A video producing wing, Dad's Garage TV (DGTV), was established in 2011 and continues to produce shorts and web series. In 2013, the property where Dad's Garage rented their theatre went up for sale, and the company began a two-year period of producing without their own facility.  With all its property in storage, the company rented performance space at 7 Stages Theatre, Fabrefaction Theatre (now Brady Street Theatre), and The Alliance Theatre’s Hertz Stage.  Dad's Garage led a very successful fundraising campaign to purchase and renovate an old church that went up for sale when its congregation outgrew the space.  The new Dad's Garage Theatre on Ezzard St. opened its doors on December 31, 2015.  Over the following five years, Dad's Garage continued to produce scripted and improvised plays year-round, as well as expanded its educational offerings with Improv Classes for adults and the creation of a Youth Program for Improv.

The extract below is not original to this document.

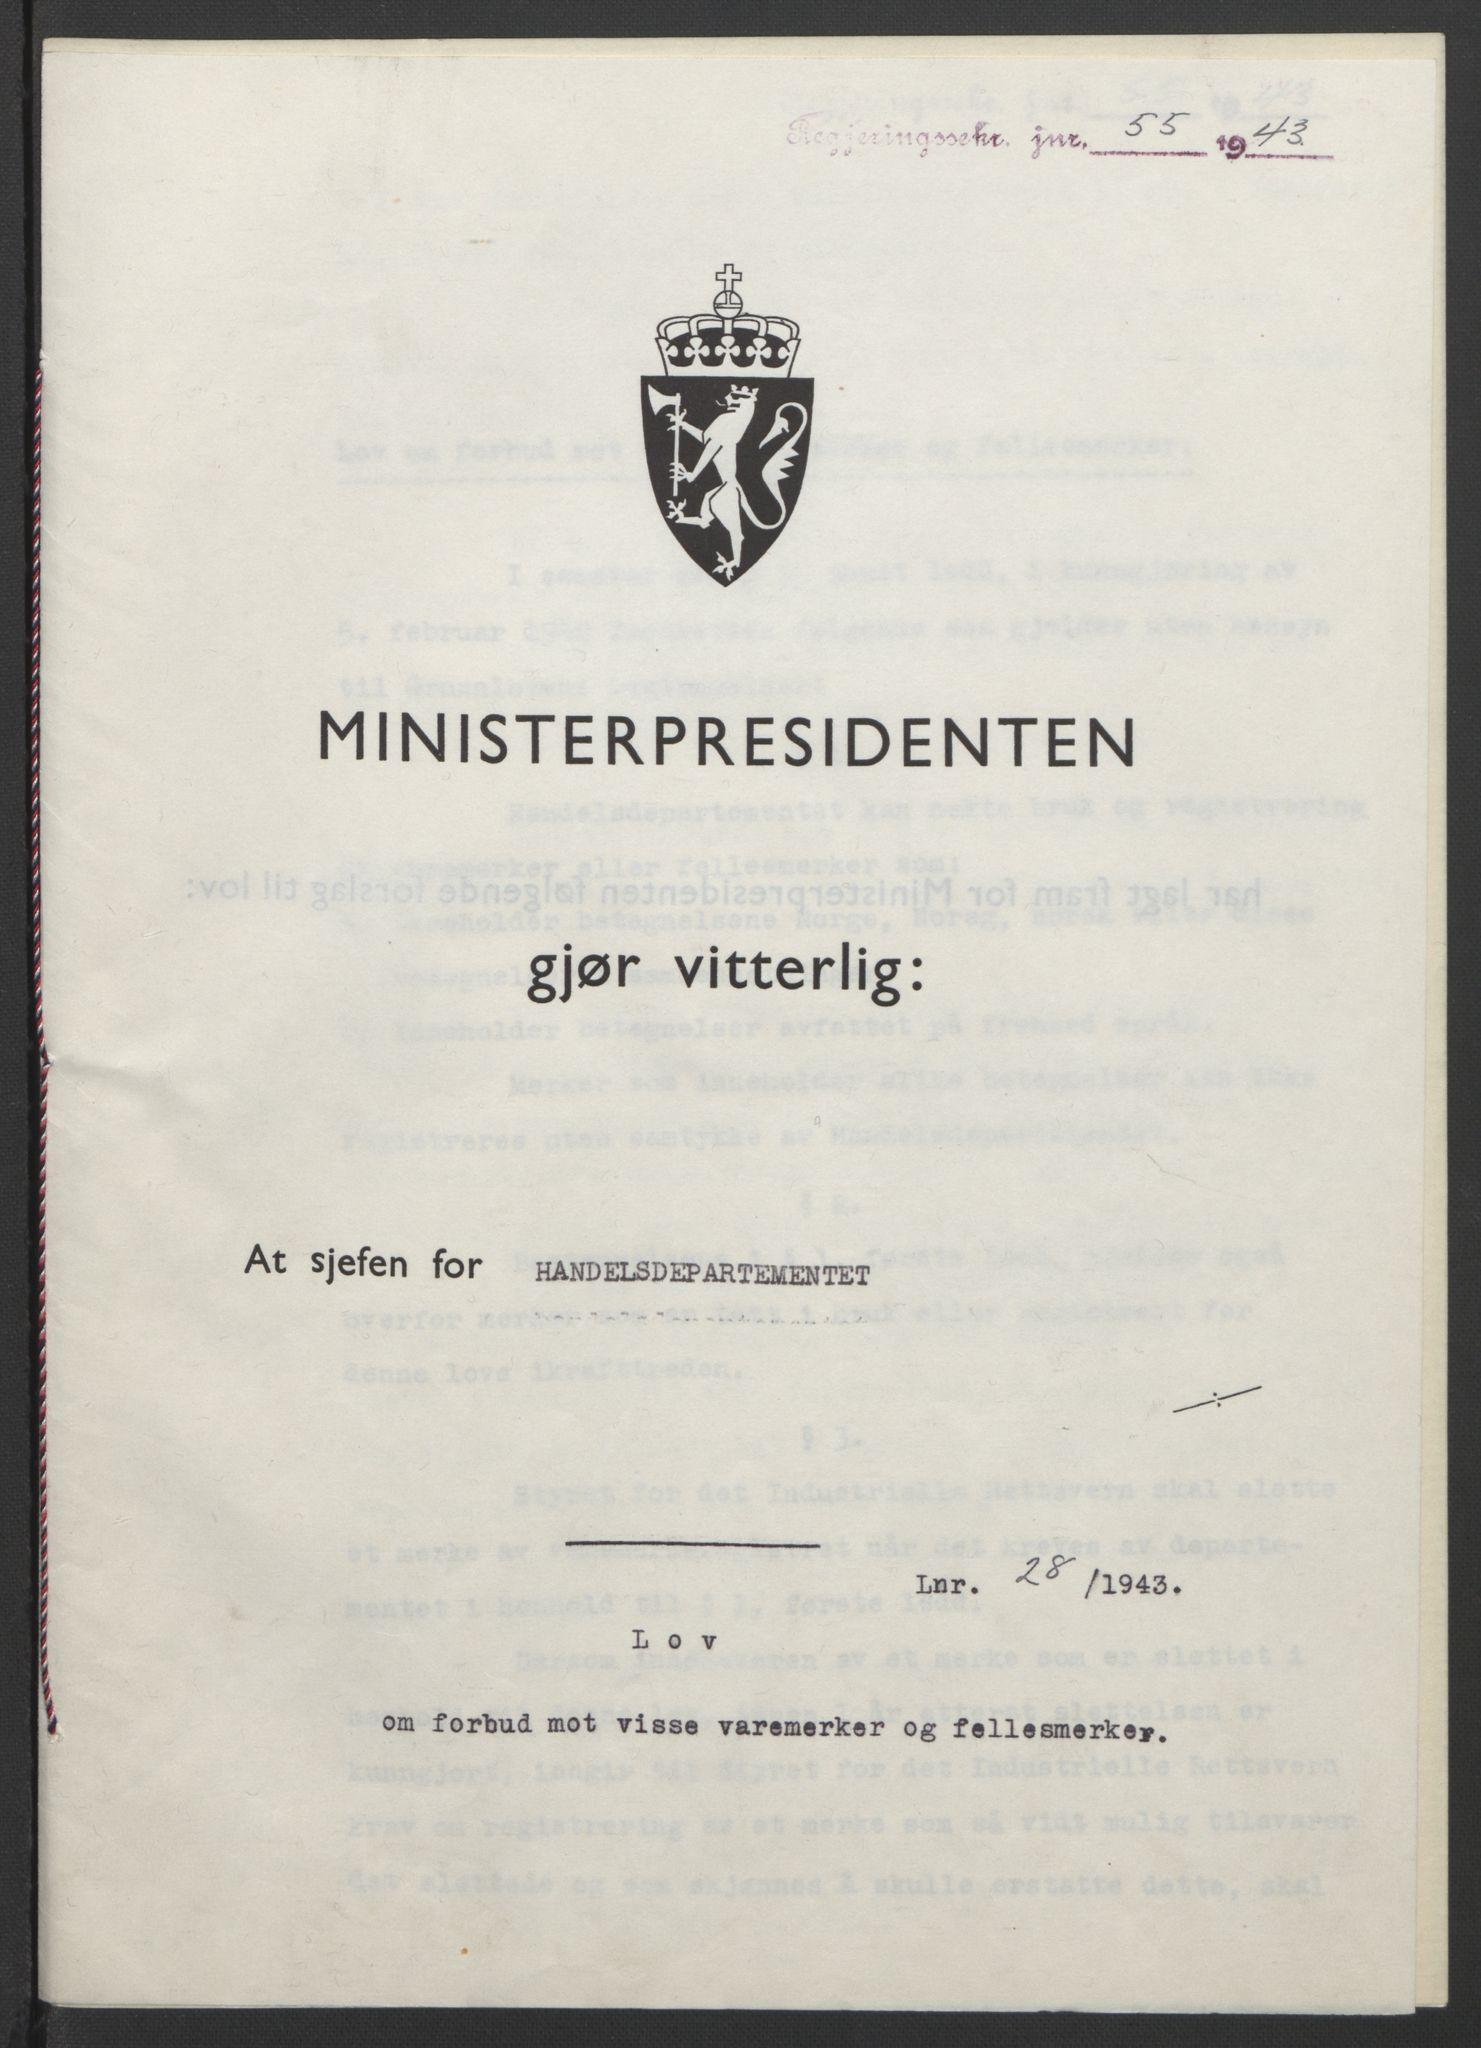 RA, NS-administrasjonen 1940-1945 (Statsrådsekretariatet, de kommisariske statsråder mm), D/Db/L0099: Lover, 1943, s. 114

In January 2020, Dad's Garage artistic leadership changed hands when Artistic Director Kevin Gillese transitioned to Executive Producer for DGTV, and Ensemble Member and Playwright Jon Carr was hired as the new Artistic Director following a national search.  Most recently, Dad's Garage responded to shutdowns due to the COVID-19 global pandemic by pivoting to live streaming content online.

== People ==

=== Founders ===
- Chris Blair
- Marc Cram
- Sean Daniels
- John Gregorio
- George Faughnan
- David Keeton
- Joseph Limbaugh
- Matt Stanton
- Matt Young

=== Directors ===

==== Artistic Directors ====
- Matt Young 1995-1996
- Matt Stanton 1996-1997
- Sean Daniels 1997-2004
- Scott Warren, Interim 2004-2005
- Kate Warner 2005-2009
- Scott Warren, Interim 2009
- Kevin Gillese 2009–2019
- Jon Carr 2019–2020
- Tim Stoltenberg 2020–2024
- Jon Carr 2024-present

==== Improv Directors ====
- Matt Young 1995-1996
- Joseph Limbaugh 1996-1999
- Chris Blair
- Tim Stoltenberg
- Dan Triandiflou

==== Past Associate Artistic Directors ====
- Dan Triandiflou
- Amber Nash
- Rene Dellefont
- Matt Horgan
- Ed Morgan

==== Special Guests ====
Dad's Garage has been host to many celebrity guest improvisers including: Colin Mochrie, Mark Meer, Kevin McDonald, Aisha Tyler, Tim Meadows, Henry Zebrowski, Dave Foley, Phil LaMarr, Thomas Middleditch, Ben Schwartz, Fred Willard, Matt Jones, Scott Adsit, Manon Mathews, David Harbour, Nick Kroll, and Cedric Yarbrough

==Improvisational Comedy==
Dad's Garage is a Theatresports franchise, its original ensemble having trained with Keith Johnstone, author of Impro: Improvisation and the Theatre and Impro for Storytellers.

Other formats developed at Dad's Garage include the longform shows Murder She Improvised, Scandal!, B.R.A.W.L., Improv D&D, Cage Match, Dice Of Destiny, Improv Idol, Madmen & Poets, Dark Side Of The Room, and Wowee Zowee (an improvised children's show).

== Programming ==

=== DGTV ===

==== Productions ====

- Rusty Trombone
- High Fructose Corn Sizzurp
- Up on the Rooftop
- Movers
- Hart of America
- Cinco de Mayo
- That Was Awesome
- The Garage

=== Twitch ===
In March 2020, Dad's Garage temporarily closed to the public for safety concerns due to the COVID-19 global pandemic and pivoted their programming to streaming online via Twitch.

==Awards==

Dad's Garage has won numerous awards over the years, including multiple wins as Creative Loafing's Best Theater and Best Improv Group in Atlanta.